Pregnancy Advise females of reproductive potential to inform their prescriber of a known or suspected pregnancy [see Use in Specific Populations (8.1) ].
Lactation Advise breastfeeding women taking AMARYL to monitor breastfed infants for signs of hypoglycemia (e.g., jitters, cyanosis, apnea, hypothermia, excessive sleepiness, poor feeding, seizures) [see Use in Specific Populations (8.2) ].
DOSAGE AND ADMINISTRATION
2 Recommended starting dose is 1 or 2 mg once daily.
Increase in 1 or 2 mg increments no more frequently than every 1–2 weeks based on glycemic response.
Maximum recommended dose is 8 mg once daily.
( 2.1 ) Administer with breakfast or first meal of the day.
( 2.1 ) Use 1 mg starting dose and titrate slowly in patients at increased risk for hypoglycemia (e.g., elderly, patients with renal impairment).
( 2.1 ) 2.1 Recommended Dosing AMARYL should be administered with breakfast or the first main meal of the day.
The recommended starting dose of AMARYL is 1 mg or 2 mg once daily.

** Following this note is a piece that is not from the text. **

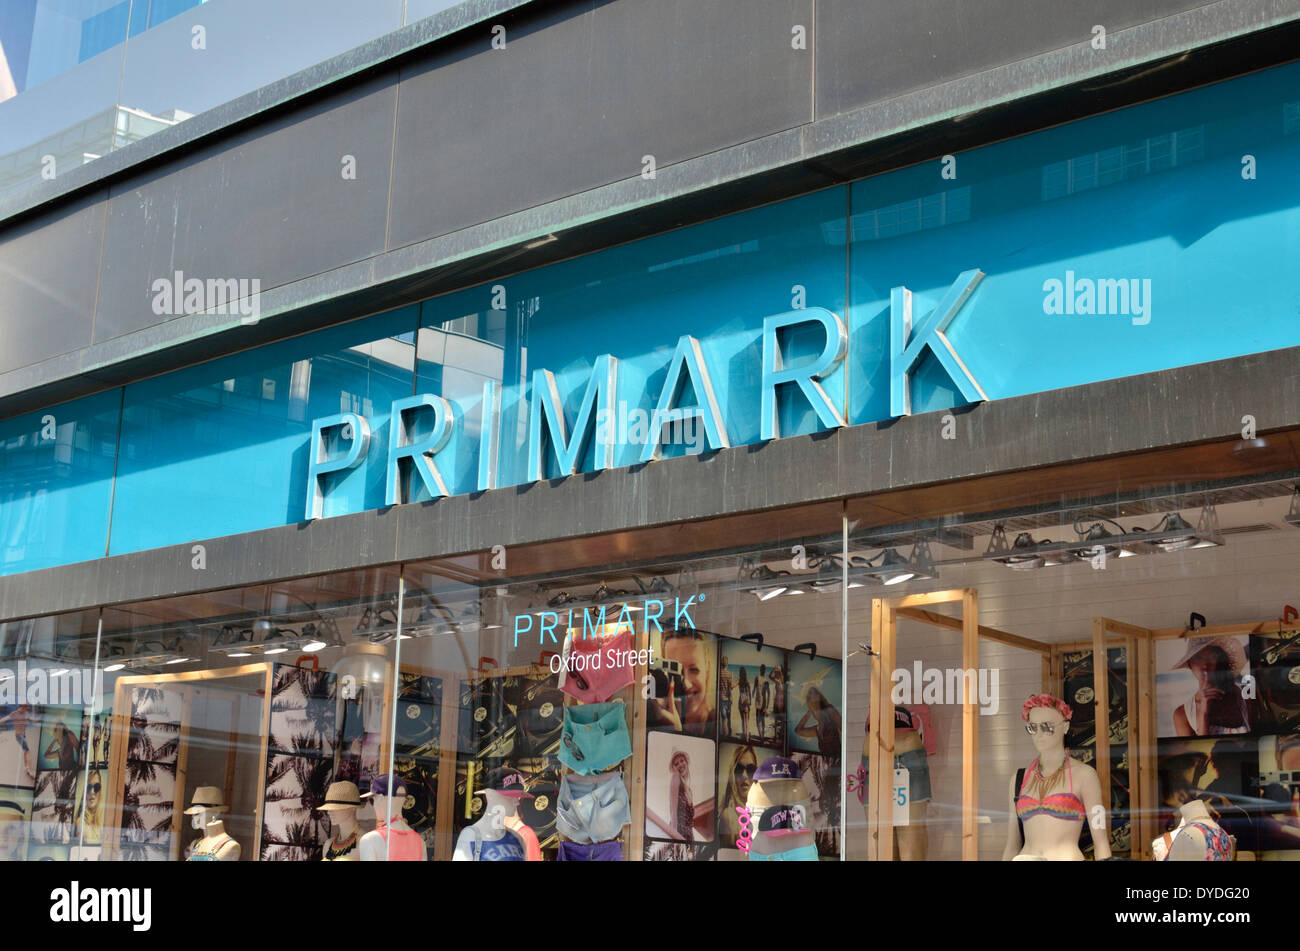 Primark Oxford Street store. Stock Photo

Patients at increased risk for hypoglycemia (e.g., the elderly or patients with renal impairment) should be started on 1 mg once daily [see Warnings and Precautions (5.1) and Use in Specific Populations (8.5 , 8.6) ].

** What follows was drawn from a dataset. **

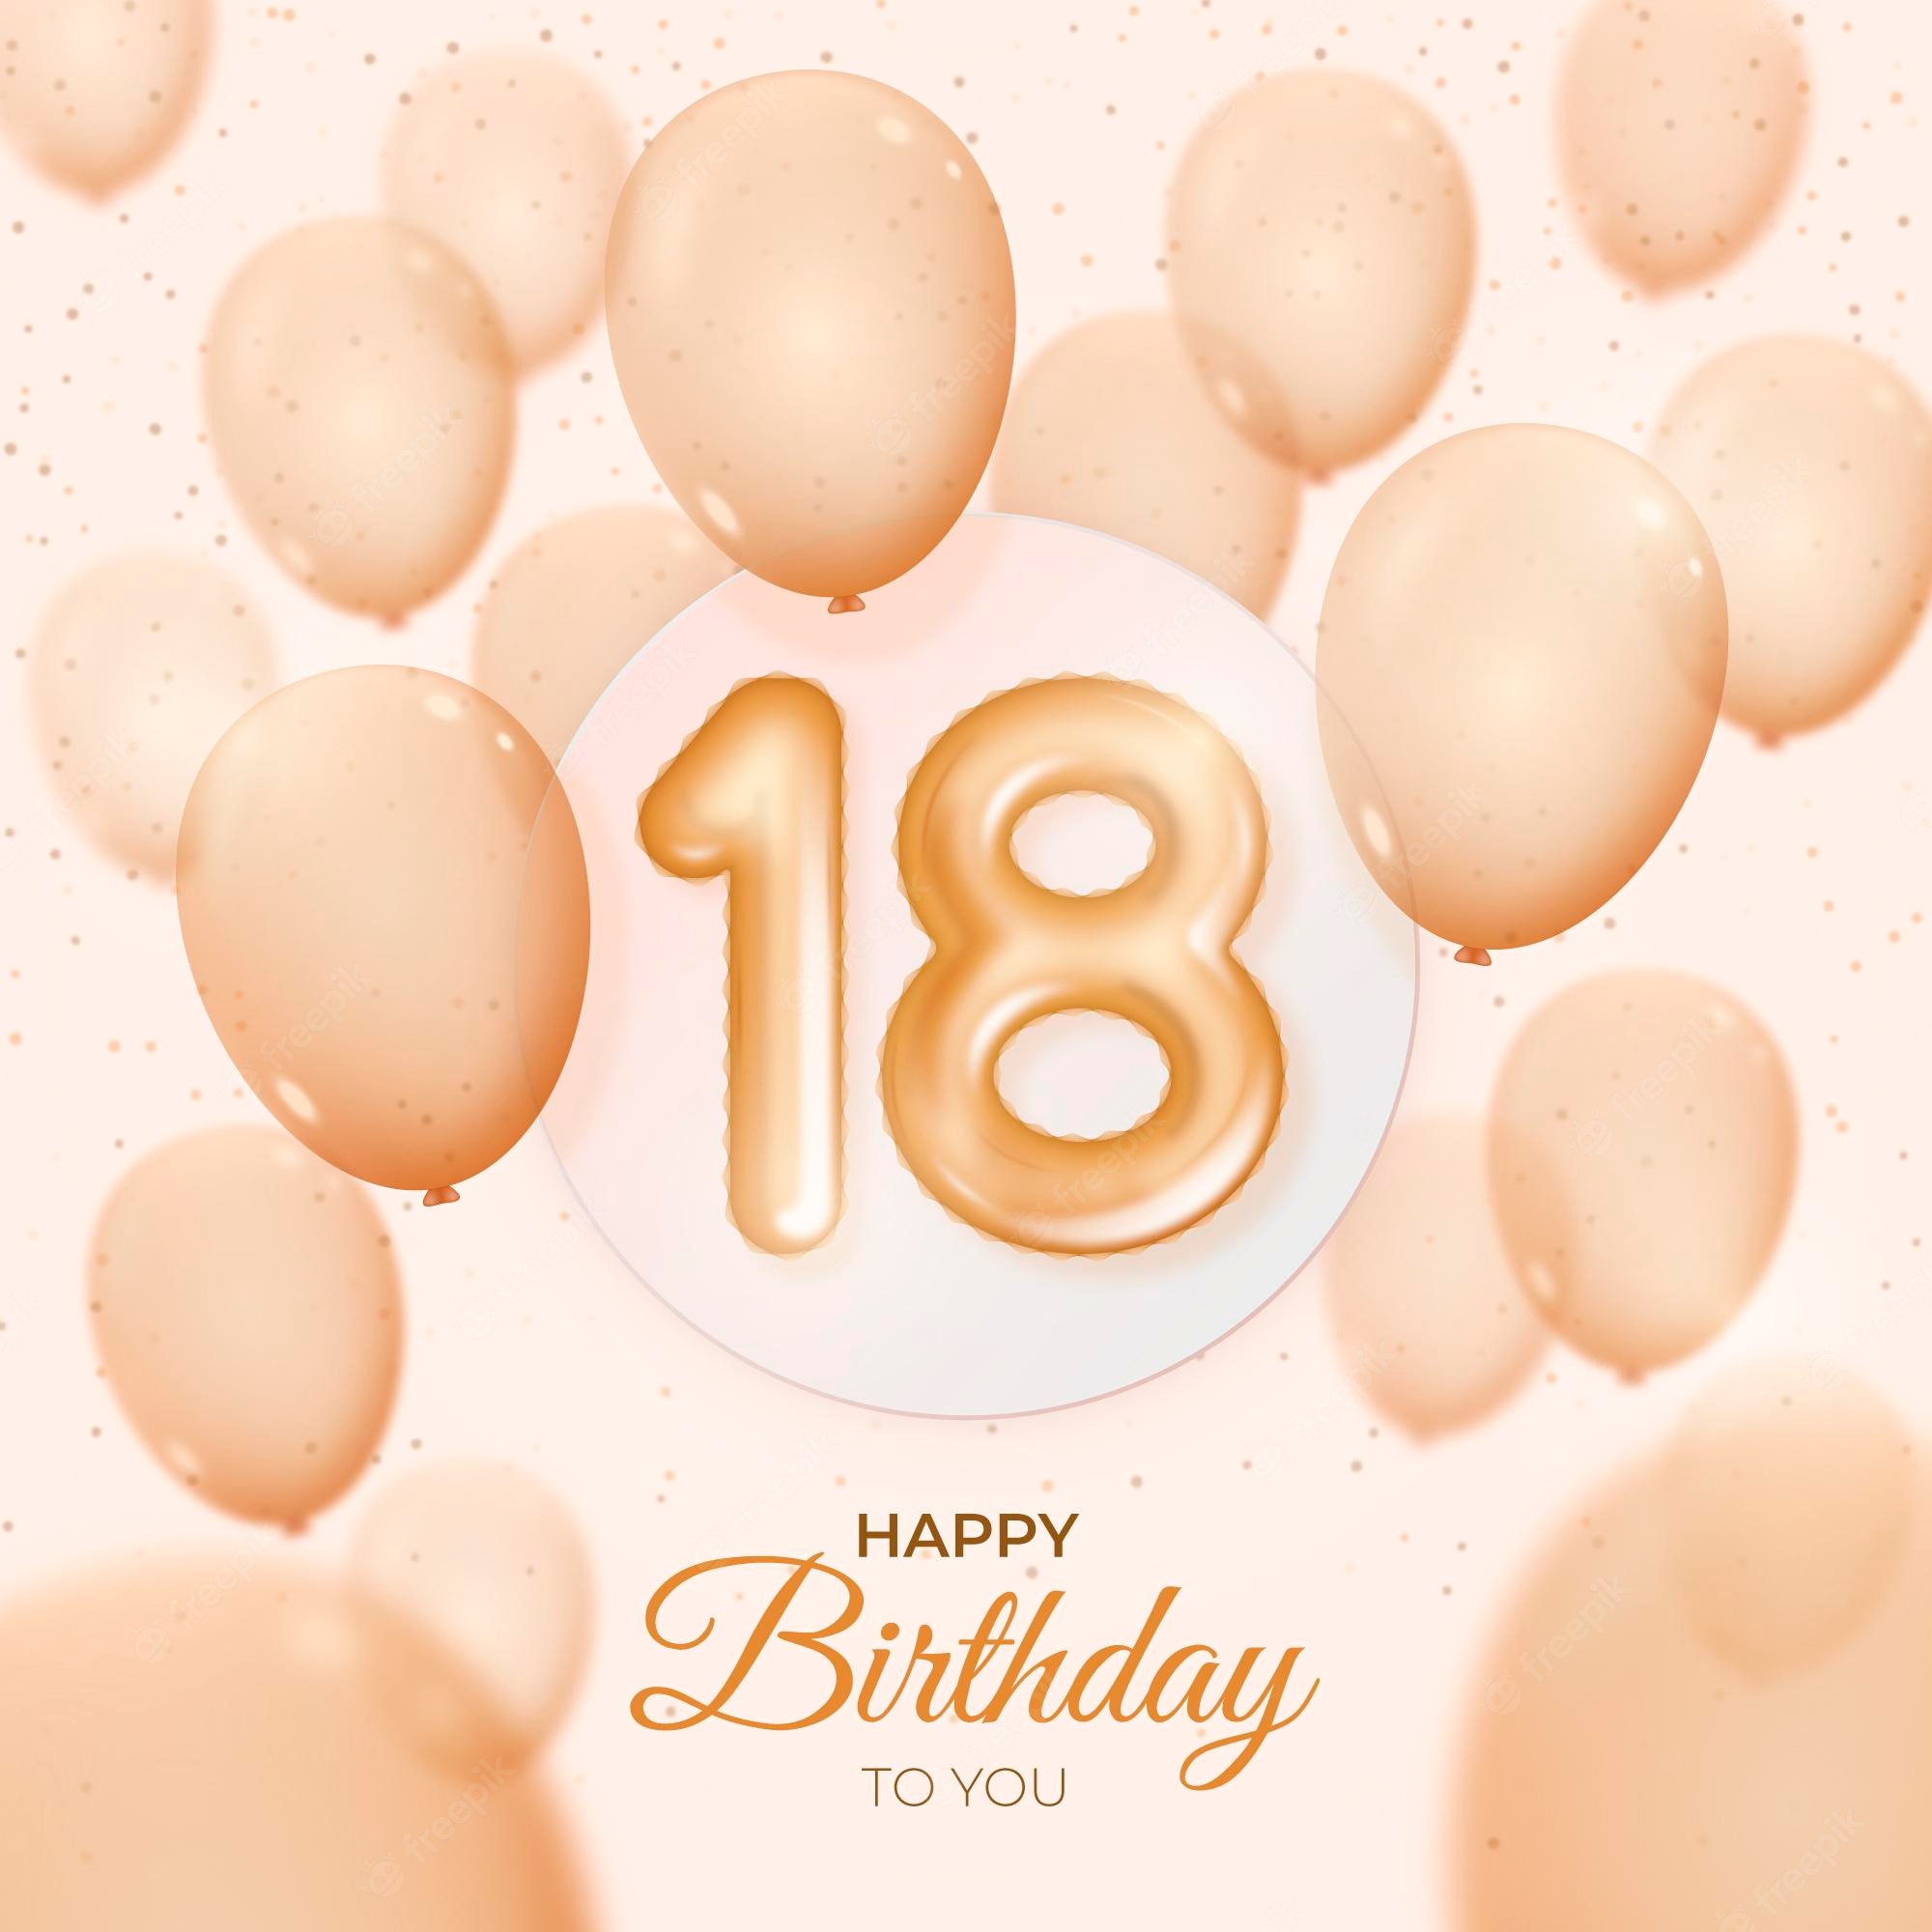 18th birthday celebration with gold balloons on a light orange background - Birthday, 18

After reaching a daily dose of 2 mg, further dose increases can be made in increments of 1 mg or 2 mg based upon the patient’s glycemic response.
Uptitration should not occur more frequently than every 1 to 2 weeks.
A conservative titration scheme is recommended for patients at increased risk for hypoglycemia [see Warnings and Precautions (5.1) and Use in Specific Populations (8.5 , 8.6) ] .
The maximum recommended dose is 8 mg once daily.
Patients being transferred to AMARYL from longer half-life sulfonylureas (e.g., chlorpropamide) may have overlapping drug effect for 1 to 2 weeks and should be appropriately monitored for hypoglycemia.
When colesevelam is coadministered with glimepiride, maximum plasma concentration and total exposure to glimepiride is reduced.
Therefore, AMARYL should be administered at least 4 hours prior to colesevelam.